Lucy smiled. “Absolutely.”

Grace appeared at the door.

“Someone on the phone for you, Daddy,” she said importantly. “He has a special offer on magazines for you—hurry!”

Lucy laughed as the minister rolled his eyes and followed his daughter out the door.

Murray Street

Dave Windsor rang
the doorbell, a package in hand.

As he waited, he cast a glance around the neighborhood.

Leland and Betty Finley had found a nice home in an area of the remains of East Obergrande distant from Tree Hill Park. He admired the landscaping and the pristine driveway leading up to the little Cape Cod home with Adirondack styling, the cedar shakes and pitched roof, typical for the area.

He and Sue had decided otherwise, had chosen to rent a townhouse nearer to the garden center, three bedrooms, bath and a half, that was just big enough for the family. Sarah had her own room which she had decorated herself, with a little help from mom, and Blythe and Bonnie were still sleeping in the same crib, refusing to be separated.

For the moment, all was well.

The door opened, and Betty Finley appeared, a baby in her arms. She smiled broadly.

“Well, hi, Dave! What brings you by?”

“Got something for ya,” Dave said. “I won’t keep you.”

Betty pushed the screen door open. “Come on in.”

He followed her into the kitchen, which was in the center of the house, a variation on the style he thought was nice, having been in many houses in the course of his fire training and experience.

“Rosemary lemonade?” Betty asked, heading for the fridge. “I’m having some.”

“Sounds delicious. Sure.”

As she filled the glasses he admired the way she was managing, a forty-or-so-year-old woman who had never had children taking care of a one-year-old. The little girl seemed content, a pretty infant with beautiful auburn hair and deep dimples who rarely cried.

And rarely smiled.

The official mascot of Obergrande Fire Company #2.

“How’s she doing?” he asked as Betty set a tumbler with a long sprig of rosemary in it down on the table in front of him.

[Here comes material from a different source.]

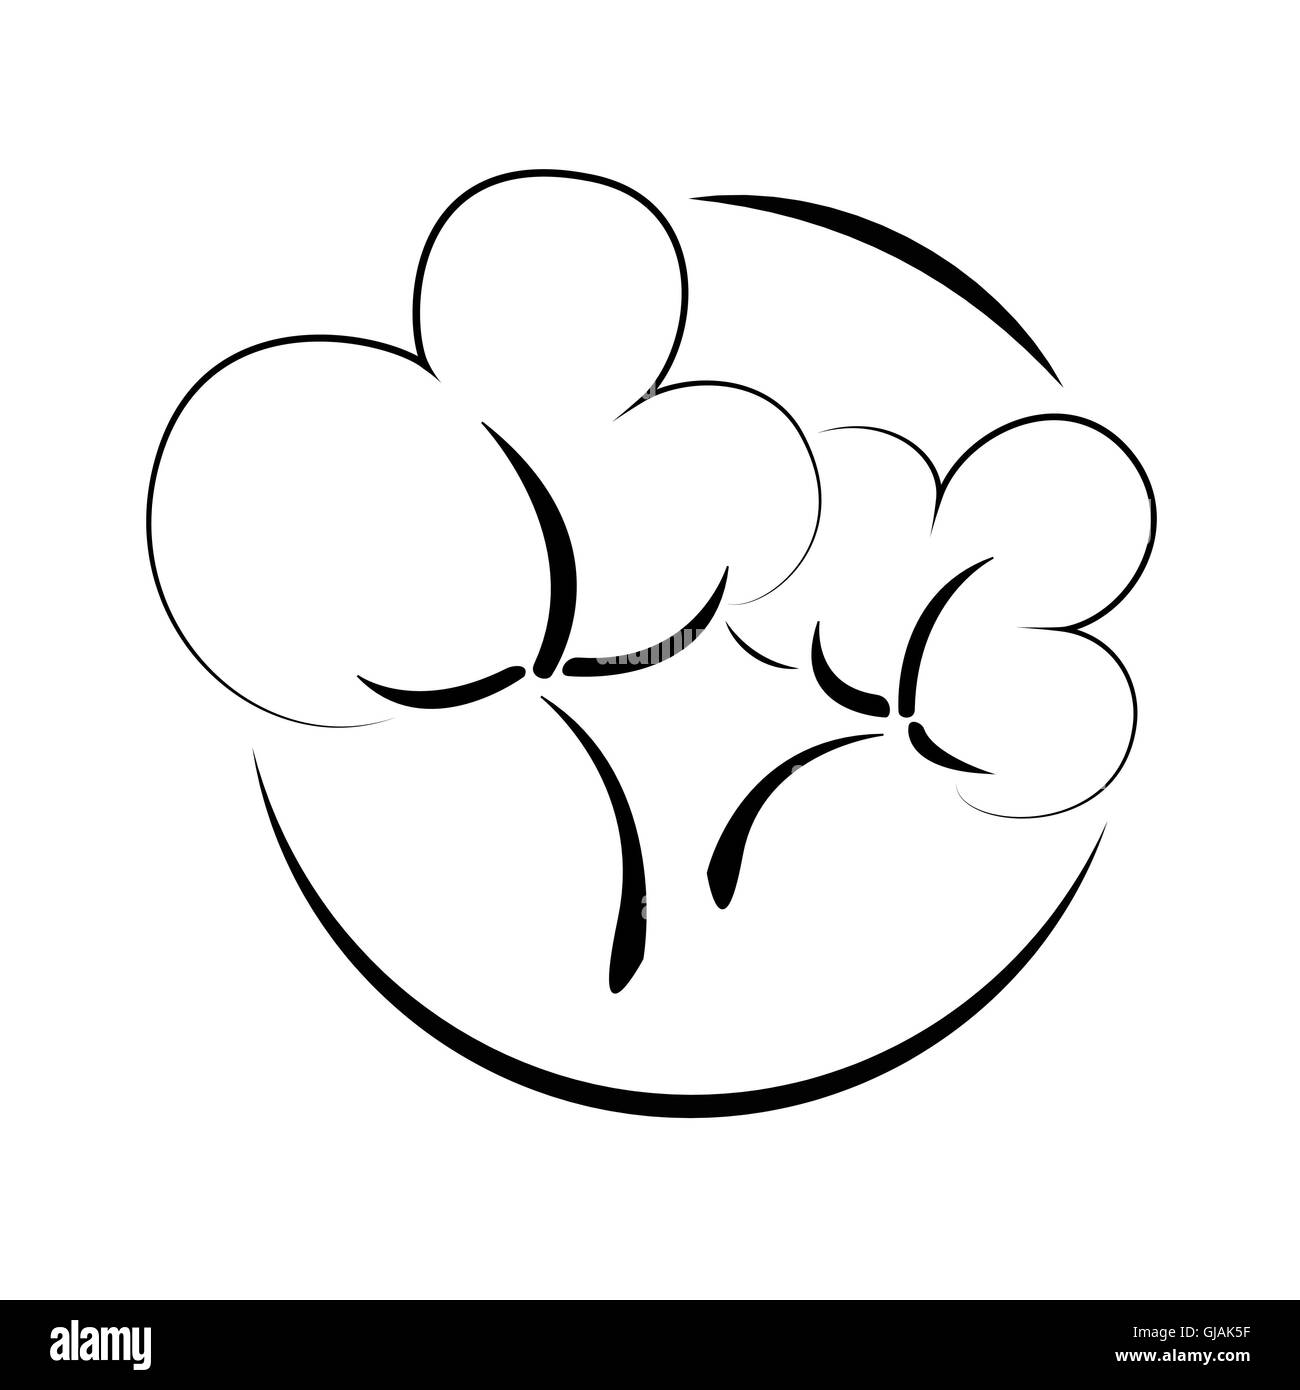 Cotton logo. Linear cotton symbol. Isolated illustration. Vector
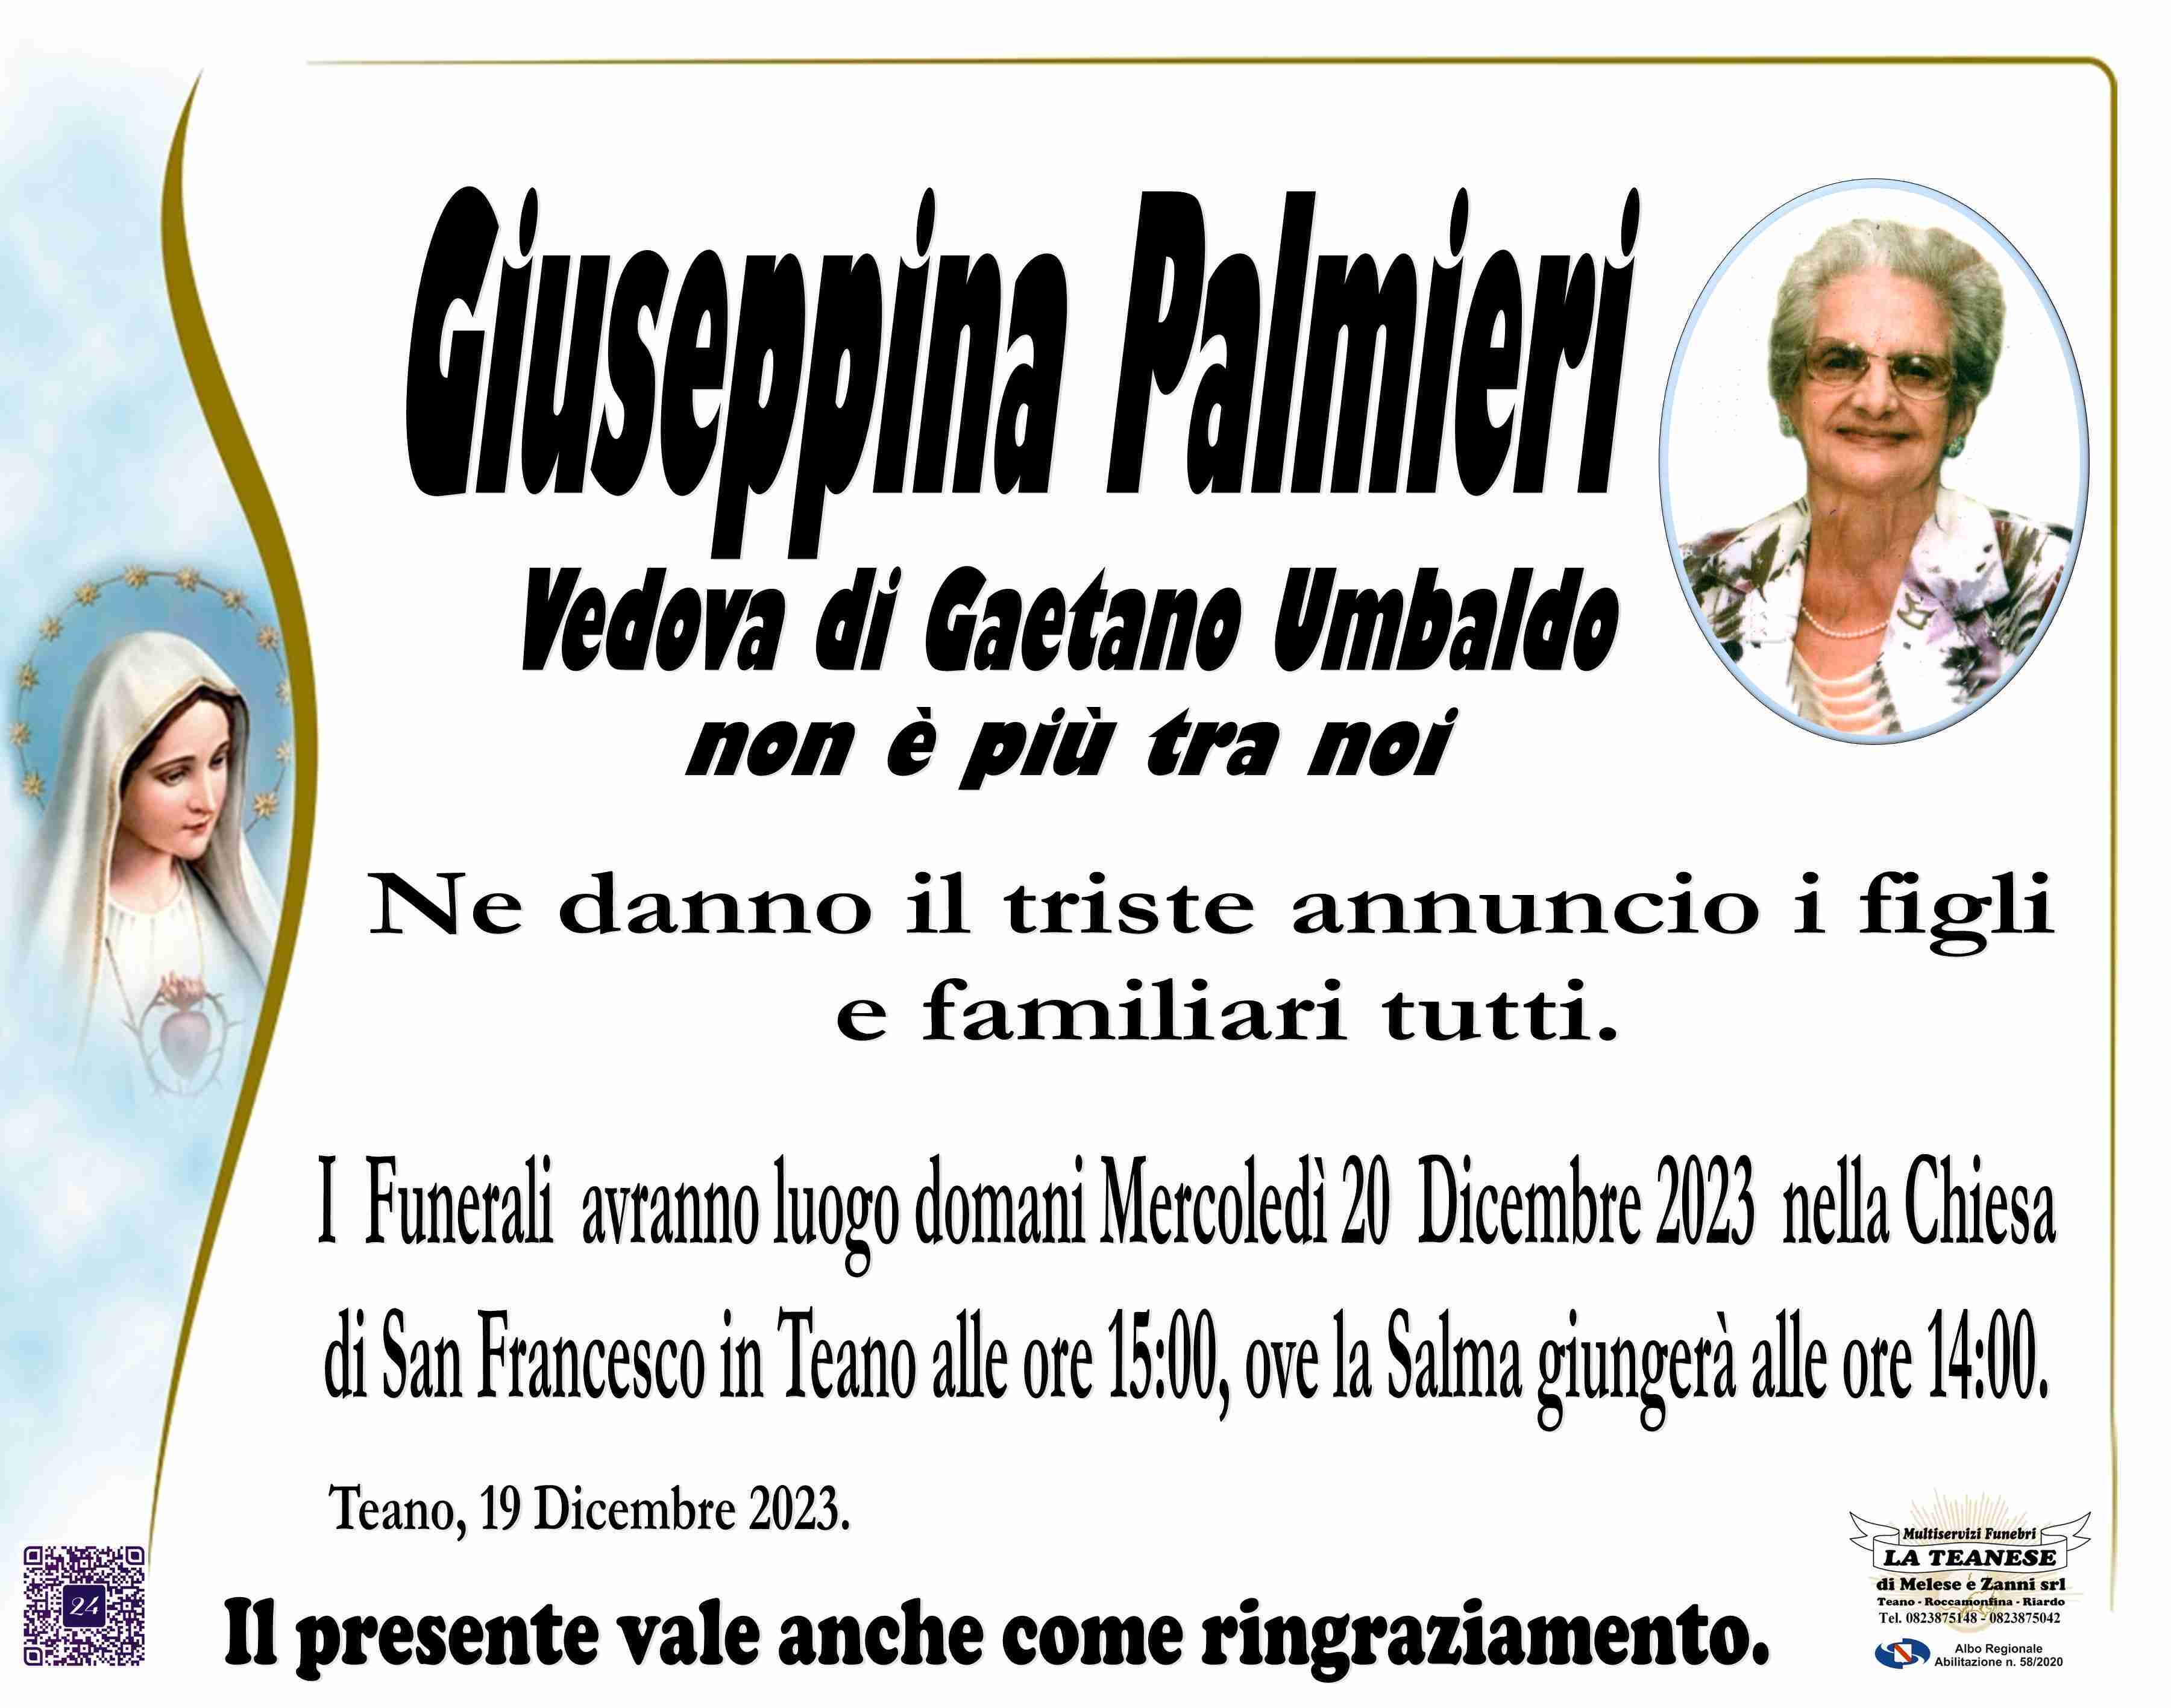 Giuseppina Palmieri

“Beautifully,” Betty said proudly. “She’s a good girl. A lovely child.”

Dave took a sip of the lemonade and nodded. “That’s delicious,” he said.

He reached into his jacket pocket and took out a velveteen bag.

“I thought you should have this, for MaryBeth,” he said, cringing, as he always did, at the name they had given the little girl. For many weeks after the flood, in the hospital and after her release, she had been known just as MB, for Missing Baby. The Finleys, who had volunteered as her foster family, had given her the name, but it always bothered him, as it evoked the night of her rescue.

Something that still gave him nightmares, proud as the department was of it.

He pulled the frayed drawstring open, carefully removed the contents of the package, and held it up.

A tarnished silver bracelet, primitive in manufacture, with a translucent red stone set in it.

Betty Finley blinked. “What’s that?”

“Something I discovered in the backpack she was found in,” Dave said, turning the bracelet so the stone caught the light dimly. “It doesn’t seem like they’re going to find her parents, alive, at least, so I thought you should have this for her.”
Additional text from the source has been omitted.